次に,所論は,控訴趣意書の提出が平成18年3月28日になったことについては,刑訴規則238条にいう「やむを得ない事情」があると主張する。しかし,控訴趣意書の提出期限は平成17年8月31日であり,同期限が延長された事実はないばかりか,同日の裁判所と弁護人との打合せの席上,弁護人は,控訴趣意書は作成したと明言しながら,原々審の再三にわたる同趣意書の提出勧告に対し,裁判所が行おうとしている精神鑑定の方法に問題があるなどとして同趣意書を提出しなかったものであり同趣意書の提出の遅延について同条にいうやむを得ない事情があるとは到底認められない。弁護人が申立人と意思疎通ができなかったことは,本件においては,同趣意書の提出の遅延を正当化する理由とはなり得ない。

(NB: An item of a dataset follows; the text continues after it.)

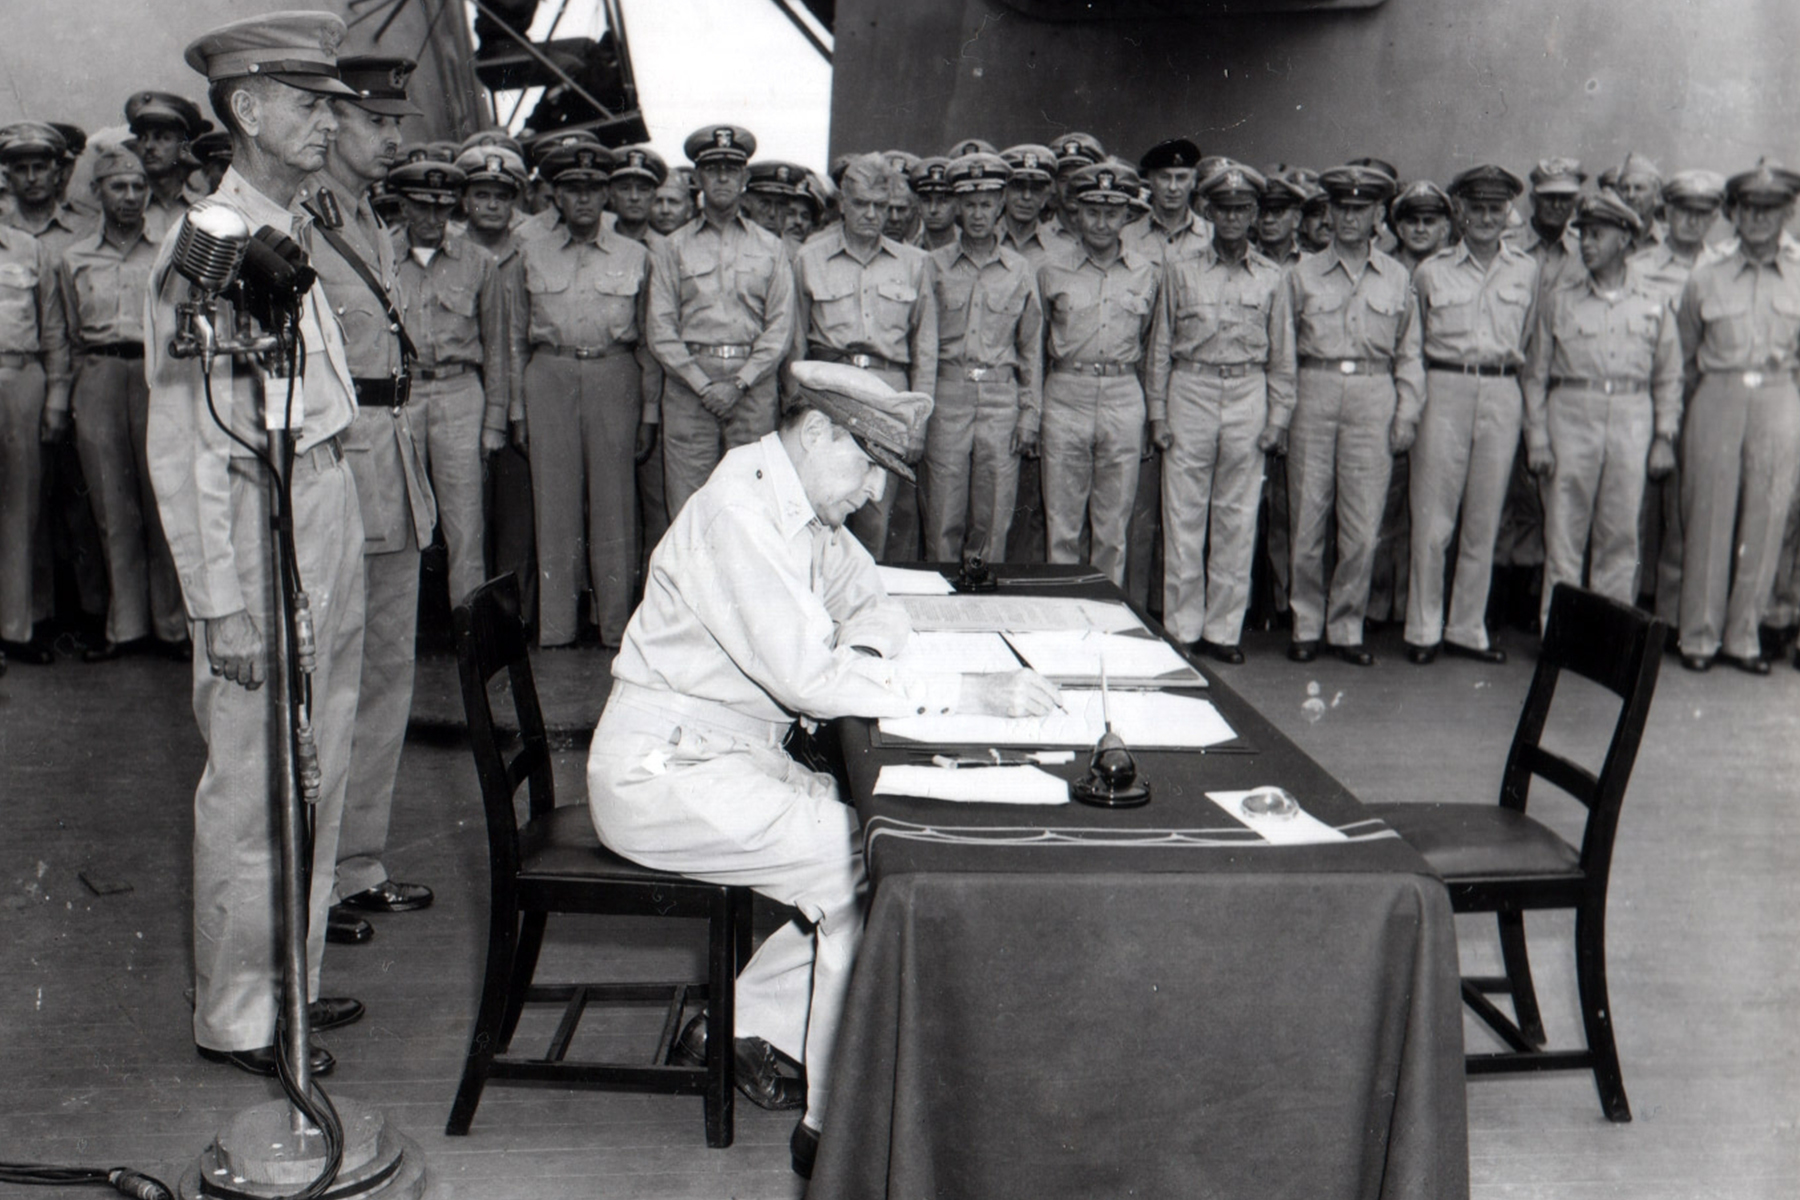 Kapitulační dokumenty byly podepsány přímo na palubě lodi.

さらに,所論は,弁護人の行為の結果として申立人の裁判を受ける権利を奪うことになるのは不当である旨主張する。しかし,私選弁護人の行為による効果が,被告人の不利益となる場合であっても被告人に及ぶことは法規の定めるところであり,本件において弁護人が控訴趣意書を期限までに提出しなかった効果は,当然に申立人に及ぶものである。また,これを実質的にみても,申立人は,自ら弁護人と意思疎通を図ろうとせず,それがこのような事態に至った大きな原因になったといえるのであり,その責任は弁護人のみならず申立人にもあるというべきである。その他,本件記録を調査しても,原々決定を維持した原判断を揺るがし得るような事情を見いだすことはできない。
よって,刑訴法434条,426条1項により,裁判官全員一致の意見で,主文のとおり決定する。